Concerns over the future of Egypt’s telecom industry have been thwarted by recent company statements confirming that their revenue is growing dramatically. After nearly two years of political turmoil in the country, the telecom sector is rebounding with better than expected revenue.
According to combined reports from the three mobile phone operators in Egypt, Mobinil, Vodafone and Etisalat Misr, they have witnessed a 23.1 percent growth rate since 2008, including during the January 2011 uprising that saw the government shut off their networks for days.
At the end of last year, Egypt had 83.8 million mobile subscribers, nearly 100 percent penetration, and a recent Frost & Sullivan report suggests that this number should double by 2018.
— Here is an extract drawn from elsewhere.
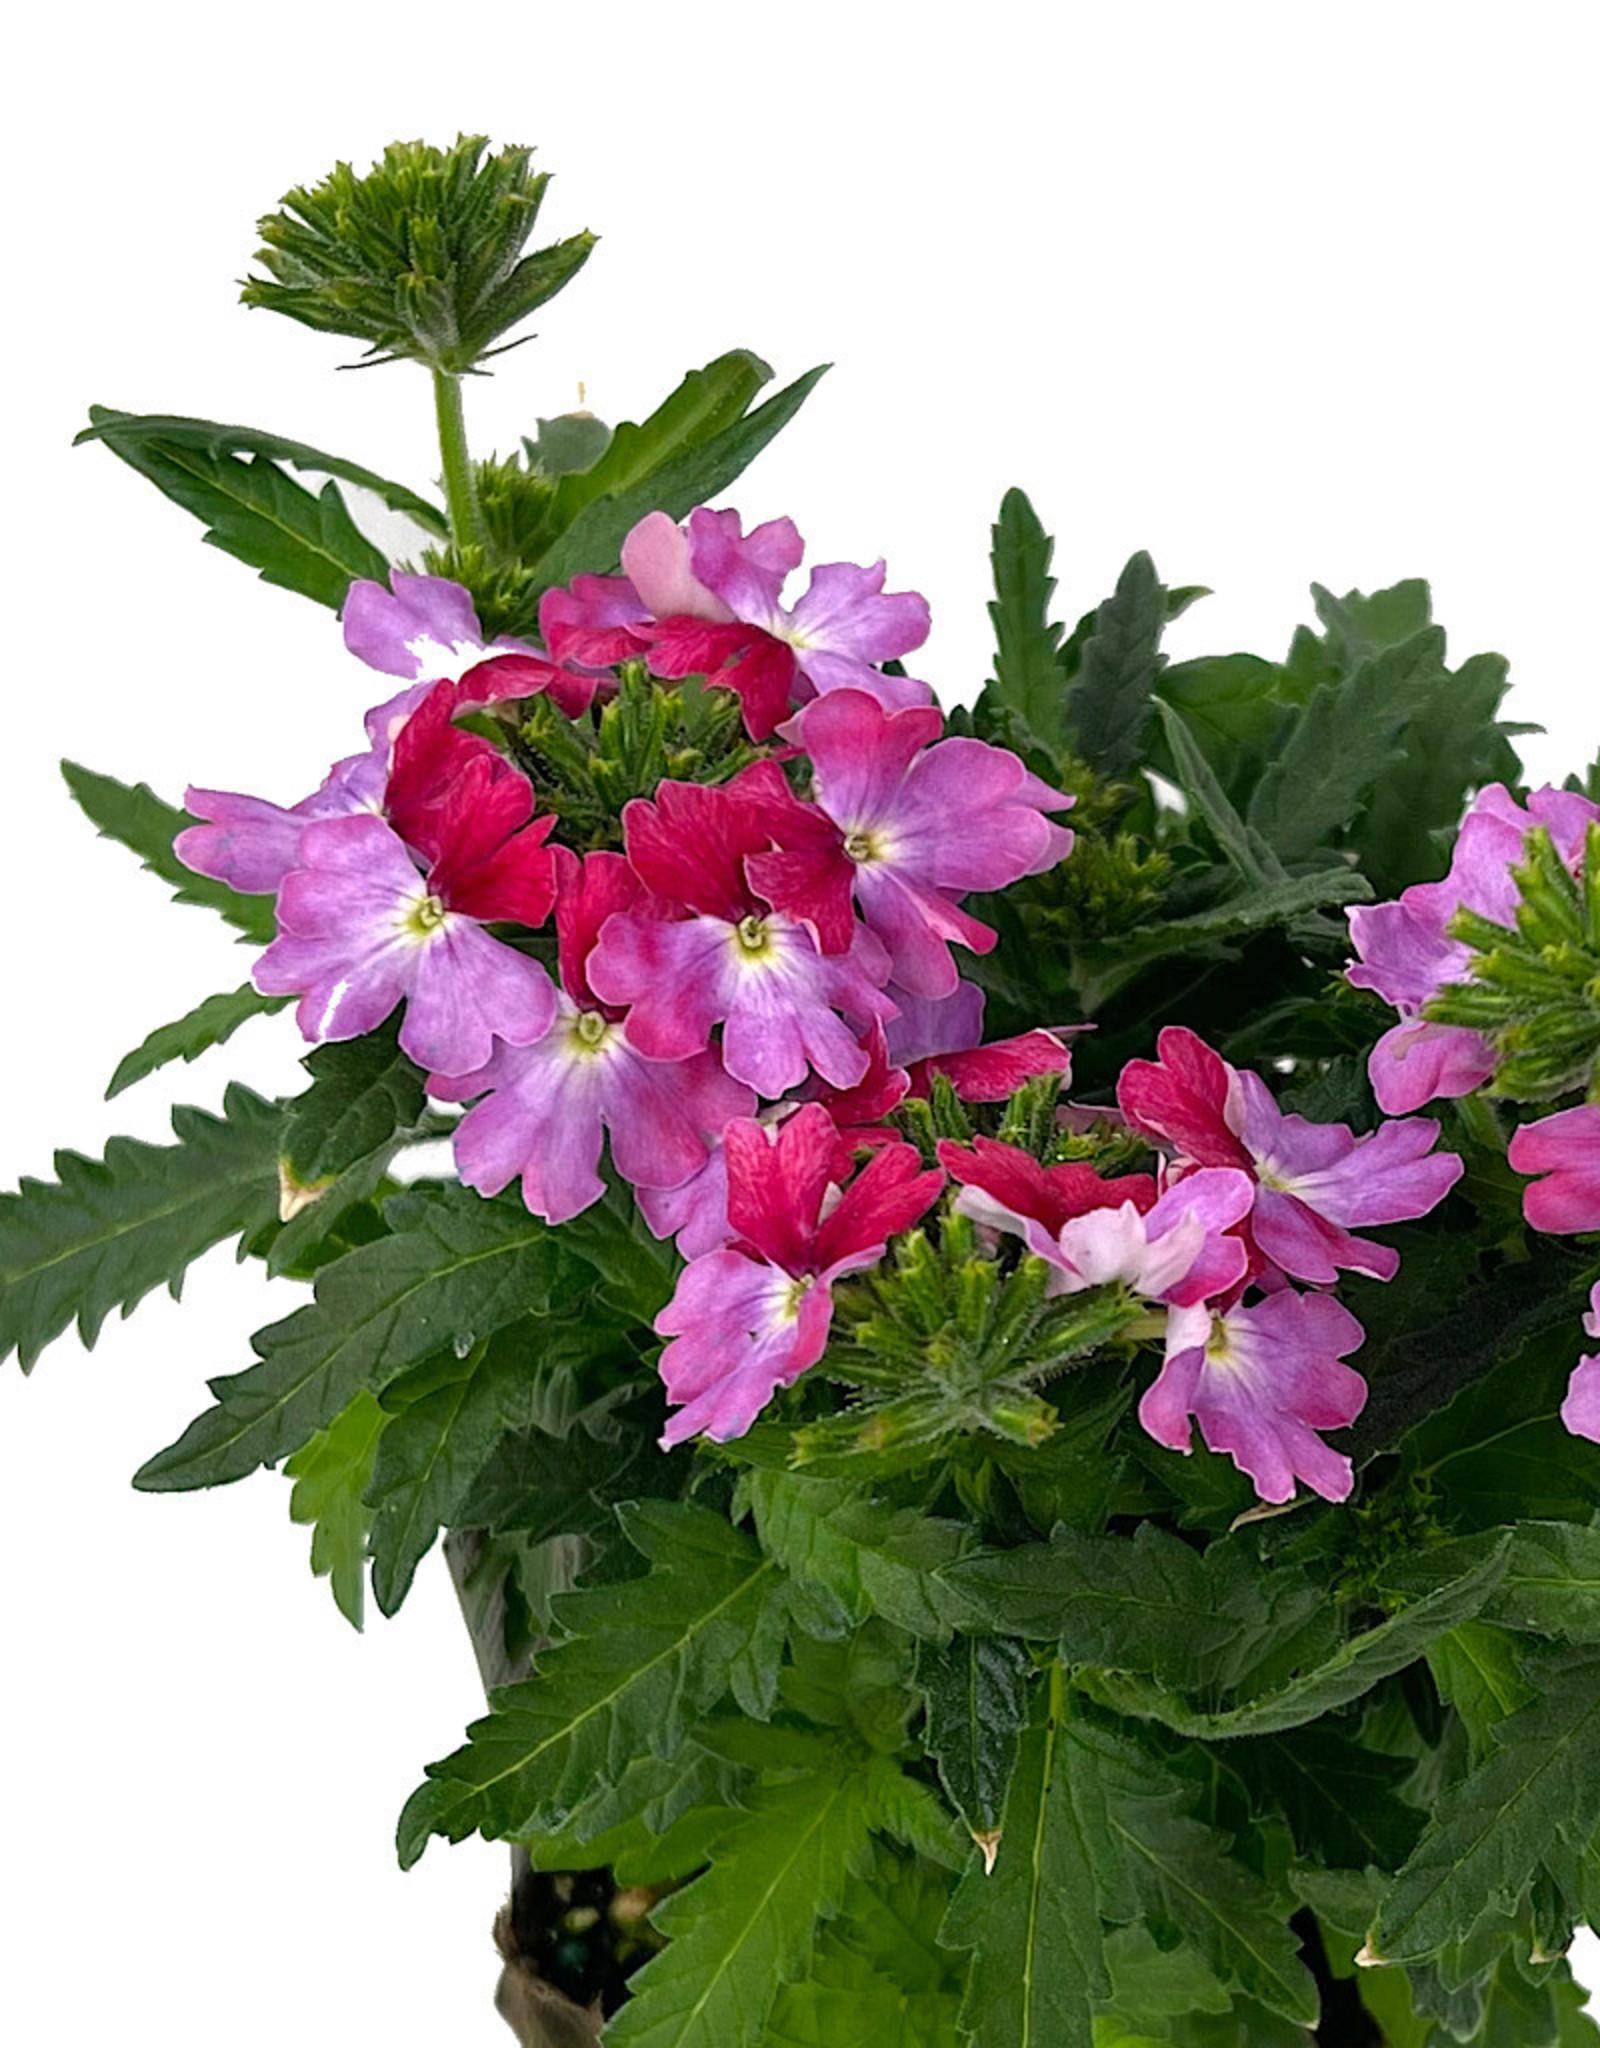 Verbena 'Lanai Twister Rose' 4 inch
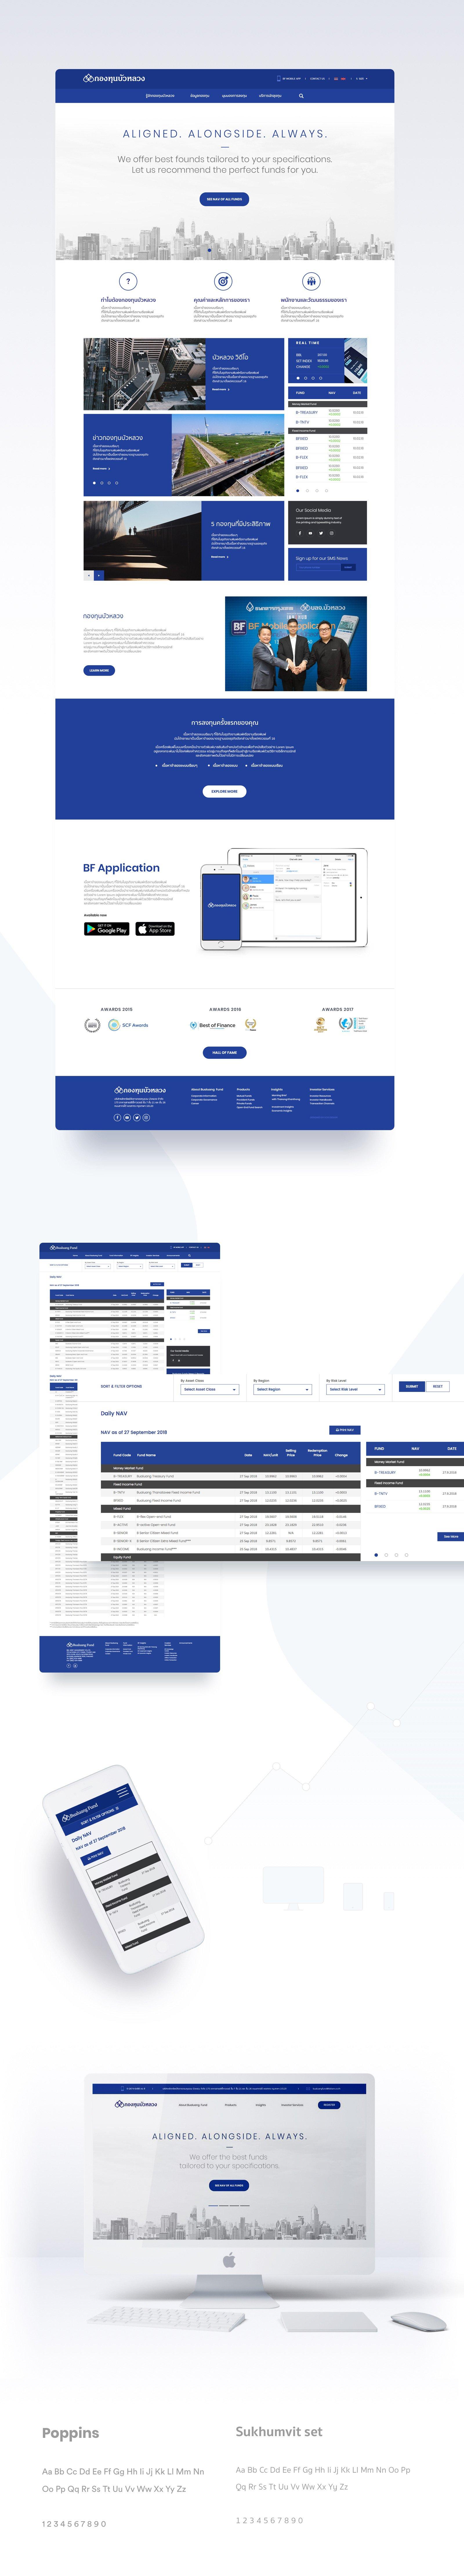 KOS Design - BBL Asset Management

Even though fixed-line services are expected to continue their decline as Egyptians turn toward mobile devices for their calls, Broadband Internet is also seen as one of the most important IT sectors that can grow in the country, which requires a fixed-line for the DSL service in the country.
Frost & Sullivan added that the telecom market now finds itself earning revenues of around $6.35 billion, but they projected that by 2018, this figure should jump over $11 billion.
“The introduction of new triple-play licenses in the country is expected to generate $1bn investment over five years in the telecom market,” noted Frost & Sullivan Research Analyst Jonas Zelba in a statement discussing the Egyptian market.
“These new triple-play licenses promise innovative services for subscribers,” he added.